3 minute read
UNRWA: Paving the Road to Conflict by Larry Domnitch
UNRWA: Paving the Road to Conflict
By Larry Domnitch
When UNRWA (United Nations Relief Work Agency) was formed In December 1949, it was supposed to temporarily tend to the needs of the approximately 600,000 Arab refugees of the Arab-Israeli war of 1948 in refugee camps. Since the founding of UNRWA, the number of “refugees” have increased to a staggering 5.7 million, according to UNRWA, and according to PASI, the Palestinian Academic Society for the Study of International Affairs, that number is 6.7 million. The refugee camps of the past have become cities. In Judea and Samaria, two million of those refugees reside. Other lands in which refugees reside include Jordan, Syria, and Lebanon.
Other than providing aid, are there other agendas of UNRWA?
It appears that UNRWA-run refugee “camps” (cities) are perpetuating enmity towards Israel. Confrontation with Israel is taught in their schools, which have adopted the anti-Israel curriculum of the Palestinian Authority in violation of UN principles of peace and reconciliation. UNRWA school textbooks contain many examples of indoctrination against Israel and also contain veneration of terrorists. Textbooks omit recognition of Israel, and school maps omit the existence of Israel. Schoolbooks exclude any connection between the Jews and the land.
It also appears that refugees are being primed for combat. UNRWA summer camps actually give young “campers” paramilitary training, preparing for future war with the Jews. The goal is the “right of return,” that is to bring Arab populations to cities and towns like Lod, Ashdod, Jaffa, and Ashkelon, which were populated by Arabs who left or fled in 1948 when Arab armies attacked the newborn Jewish state and whose leaders assured them that they would return to their homes when the Jews were defeated.
UNRWA is an agency which was supposed to be supervised by donor nations and Israel. That includes managing its school curriculum, which continues to indoctrinate and incite conflict seventy-five years after the establishment of Israel.
The advocacy group UN Watch enumerated on how teachers in UNRWA schools express support for terrorism and Palestinian terrorist groups and indoctrinate students to violence. On July 15, 2022, Hillel Neuer, director of UN Watch, tweeted that UN Watch has “easily identified 120 UNRWA teachers, school principals and other employees who praise Hitler, glorify terrorist attacks and spread anti-Semitism.” UN Watch decried the “exploitation of children as child soldiers” as a “form of child abuse and a violation of international law.”
William Deere, the Washington, D.C., advisor to UNRWA responded that “UNRWA is an agency fully committed to upholding UN principles and values and has a zero tolerance for hate speech and incitement to discrimination, hostility or violence.” UNWRA by its actions tells a very different story.
Realizing the extent of incitement in UNRWA schools and summer camps, the Trump administration cut U.S. funding to UNWRA in 2018 for lack of “accountability.” The Biden administration has resumed funding but only under the condition that its education curriculum is for peace.
Israel’s Ambassador to the United States and the UN Gilad Erdan called for “countries to freeze contributions until UNRWA teachers expressing support terror are fired.” But the funding continues.
In 1967, following Israel’s victory in the Six Day War, when the IDF took control of the Arab populations of Judea and Samaria and Gaza, school textbooks used by Palestinians rejected Israel’s existence and incited violence.
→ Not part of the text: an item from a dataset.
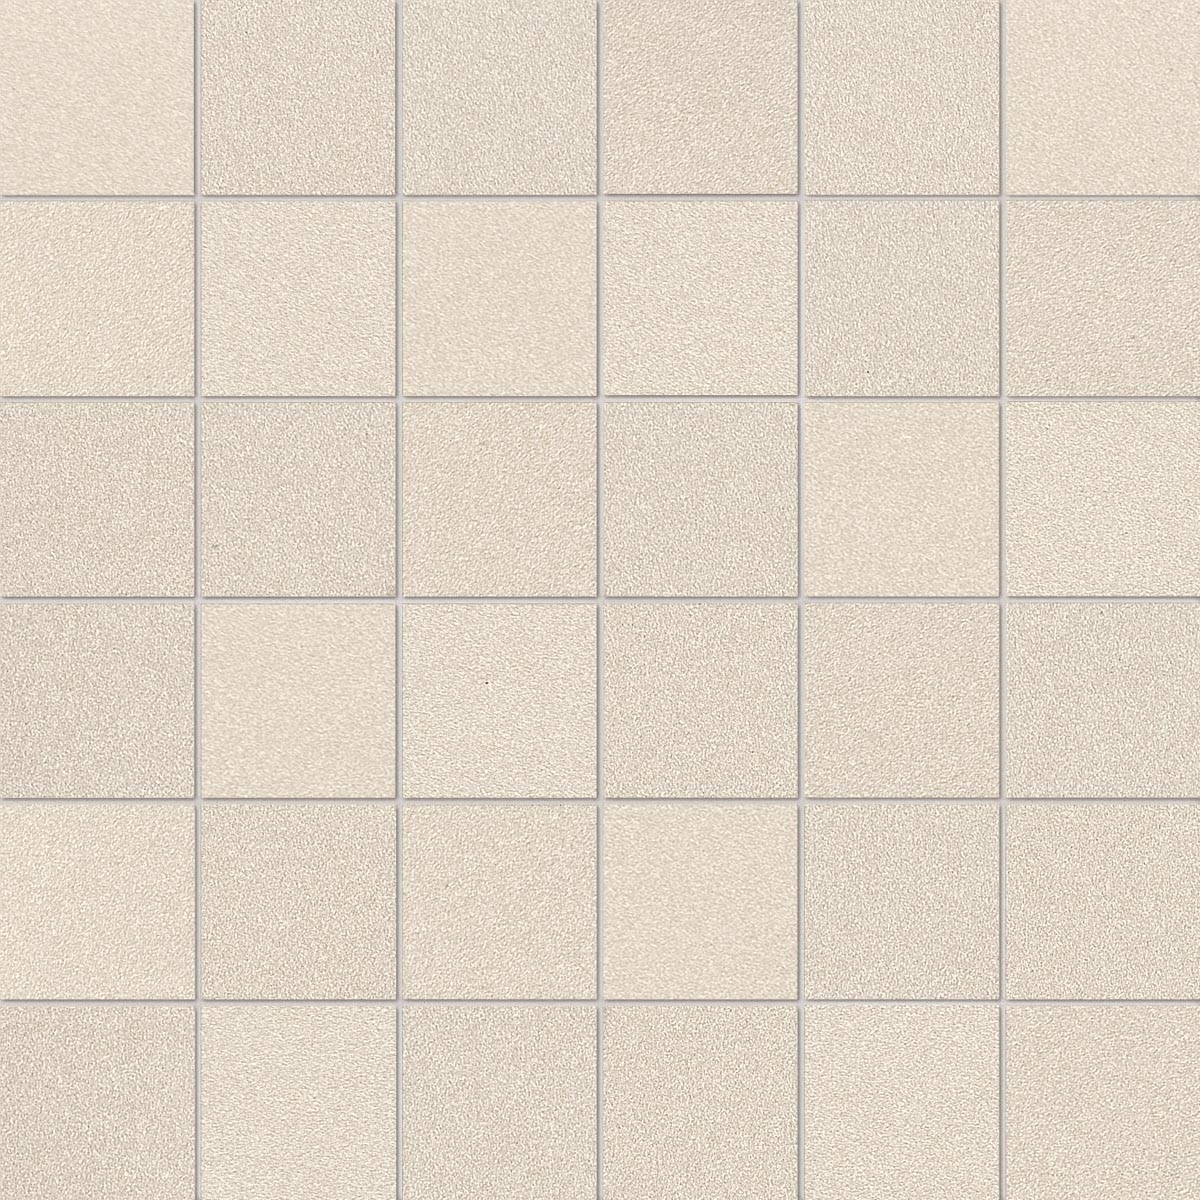 Imola Parade Bianco Natural Flat Matt Mosaic 167476 30x30cm rectified 10,5mm - MK.PRTU 30W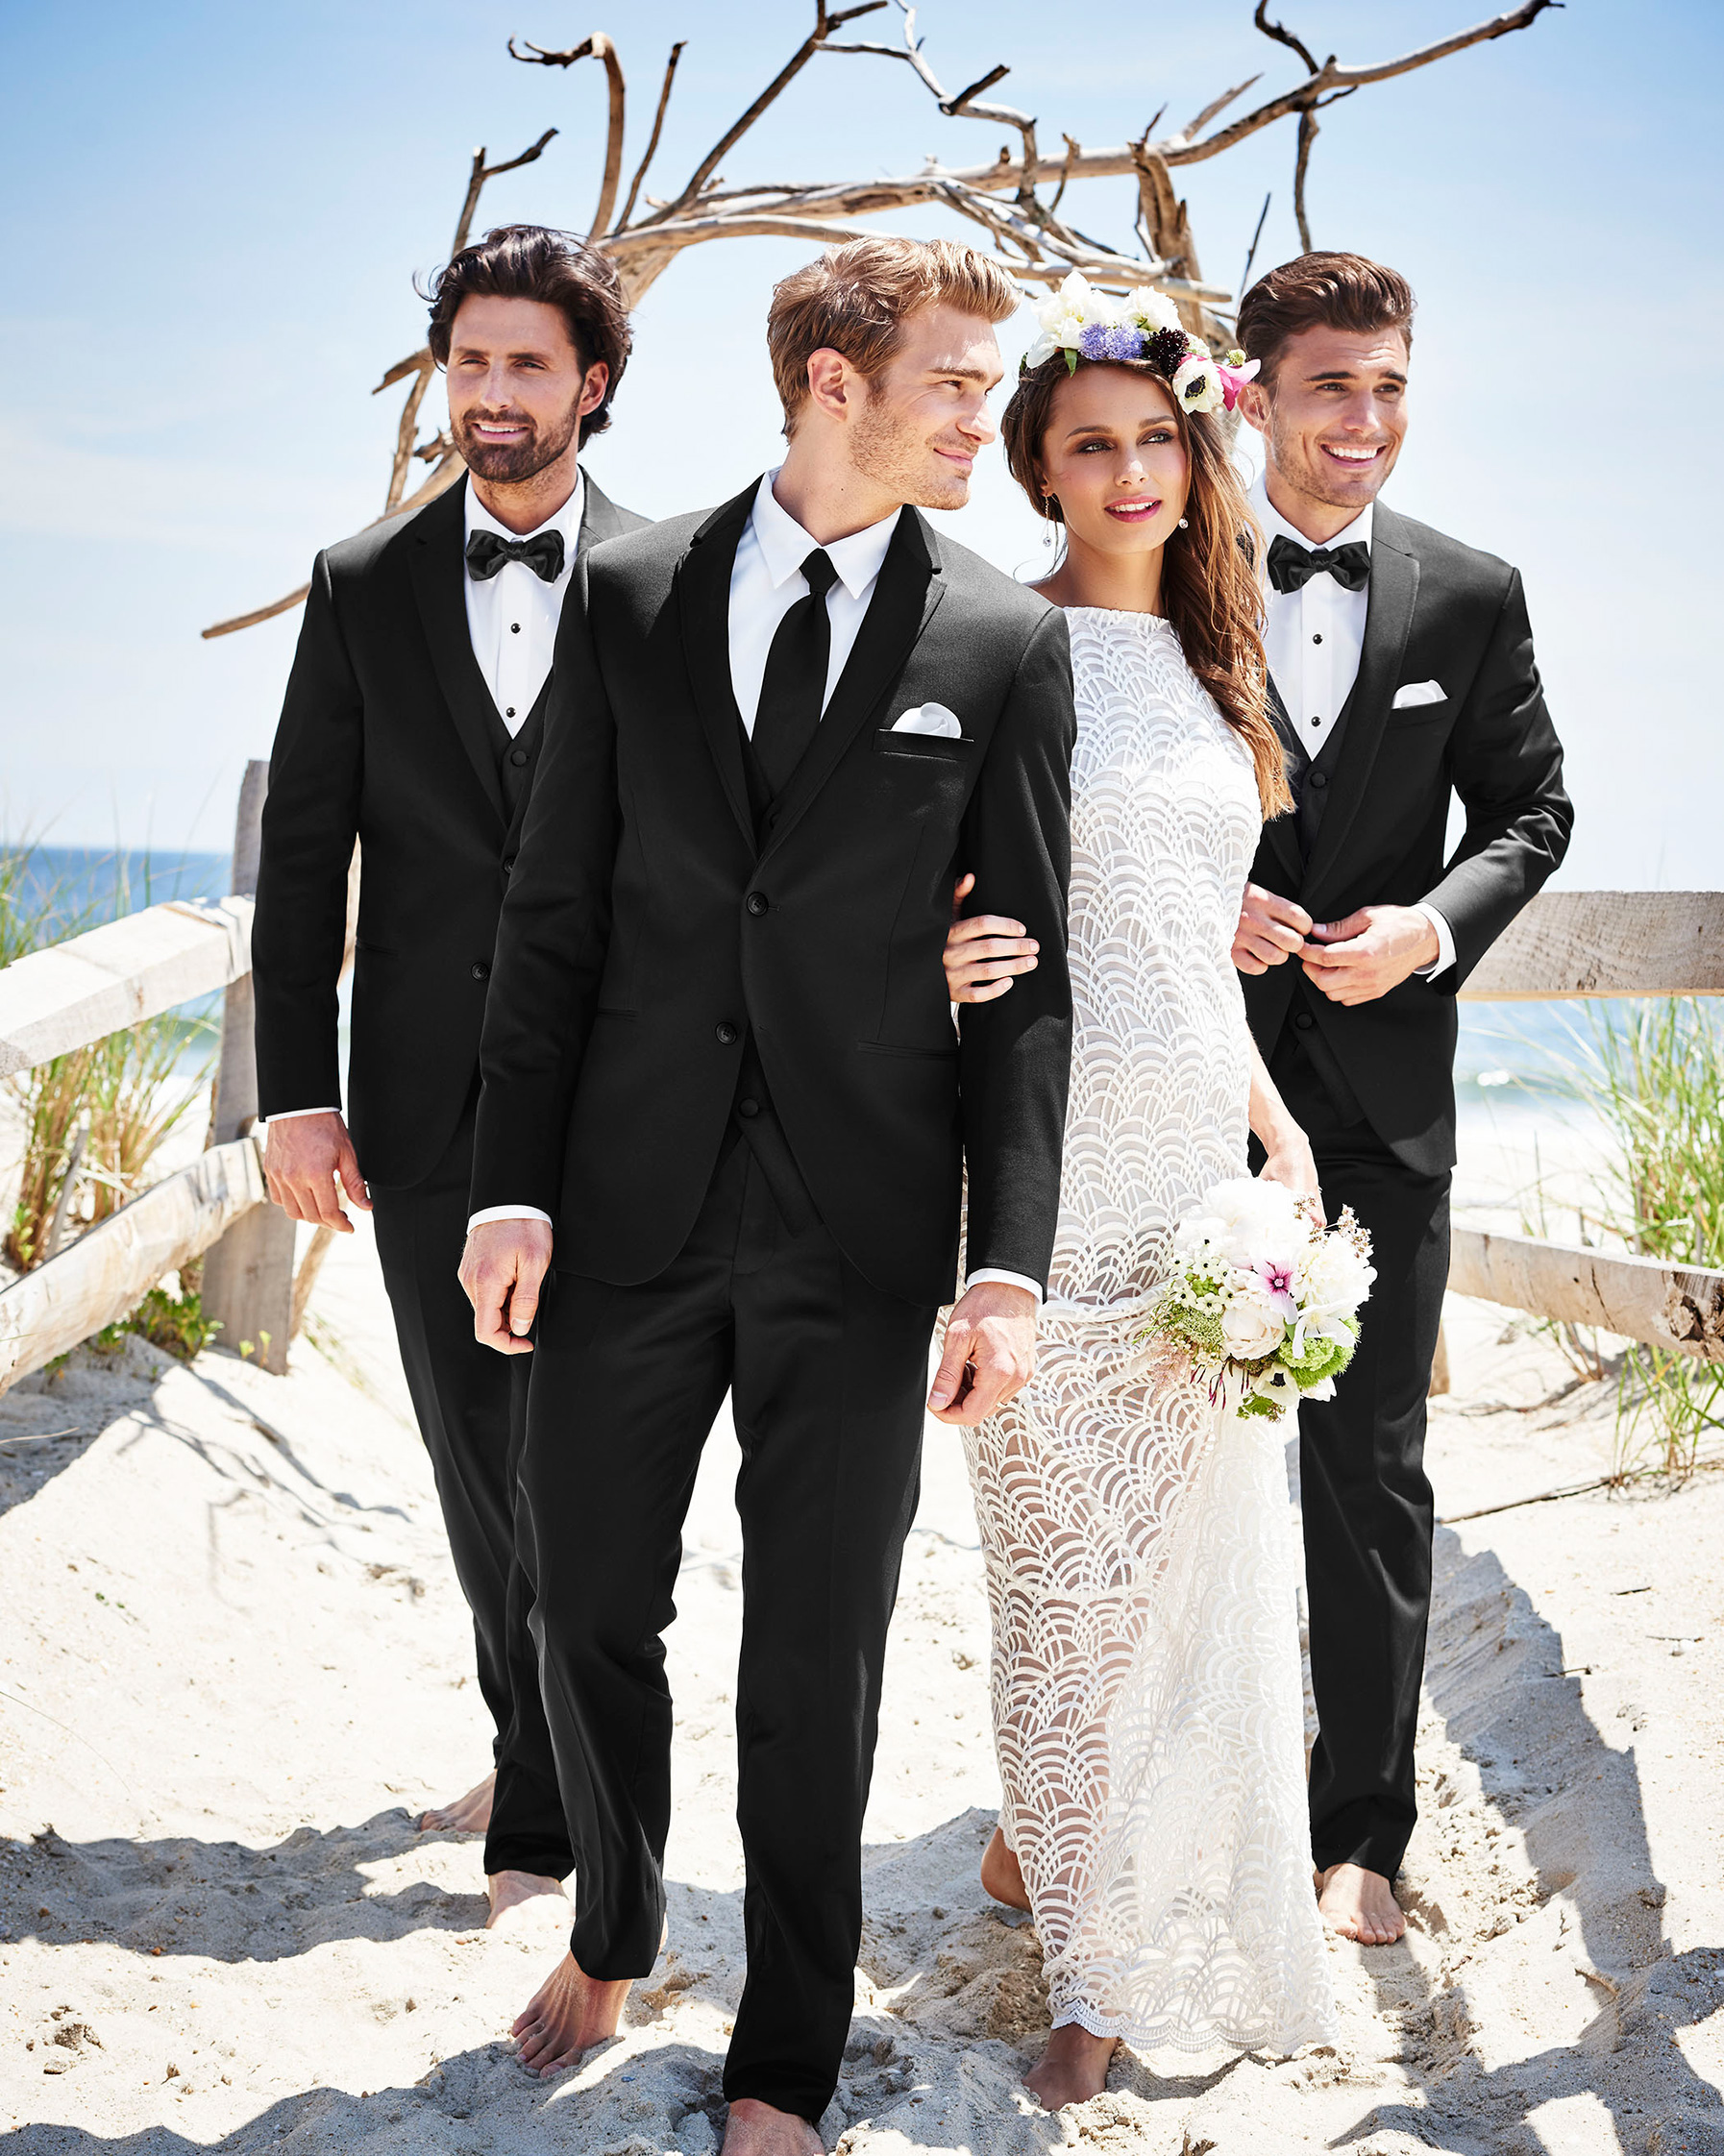 Michael Kors  Grey Passion  The Model Shop  Wedding Dresses  Tuxedos   Prom Dresses  Newfoundland and Labrador  Canada

But then, placed under Israeli administration of COGAT (Coordination of Government Activities in the Territories), new textbooks were implemented.
However, the signing of the Oslo Accords on September 13, 1993, which would give the Palestinian Authority control over education in territories which they administered as a result of the agreements, saw a steady deterioration in the curriculum. Incitement to violence against Israel again abounded in what was supposed to be the beginnings of a process of reconciliation. With the OSLO Accords came the deterioration of UNRWA-sponsored institutions, as anti-Israel propaganda proliferated in the territories.
Since Oslo, donor countries have not demanded accountability. Journalist David Bedein, who heads the Israel Resource News Agency and is the author of UNRWA Roadblock to Peace, stated that when he posed the question to thirty-five of the sixty-seven nations which fund UNRWA, as to how they track the funds and where they are going, “they replied that they rely upon the rigorous oversight of UNRWA.” Today, UNRWA facilities prime tomorrow’s generation for conflict. UNRWA should be seeking real solutions to what was the rejection by Arab nations of the partition of the land in 1947, according to UN resolution 181. Their leaders’ statements denying culpability belies their agenda, which is to allow perpetuation of conflict and the continued hope by Palestinian Arabs to flood Israel with descendants of refugees.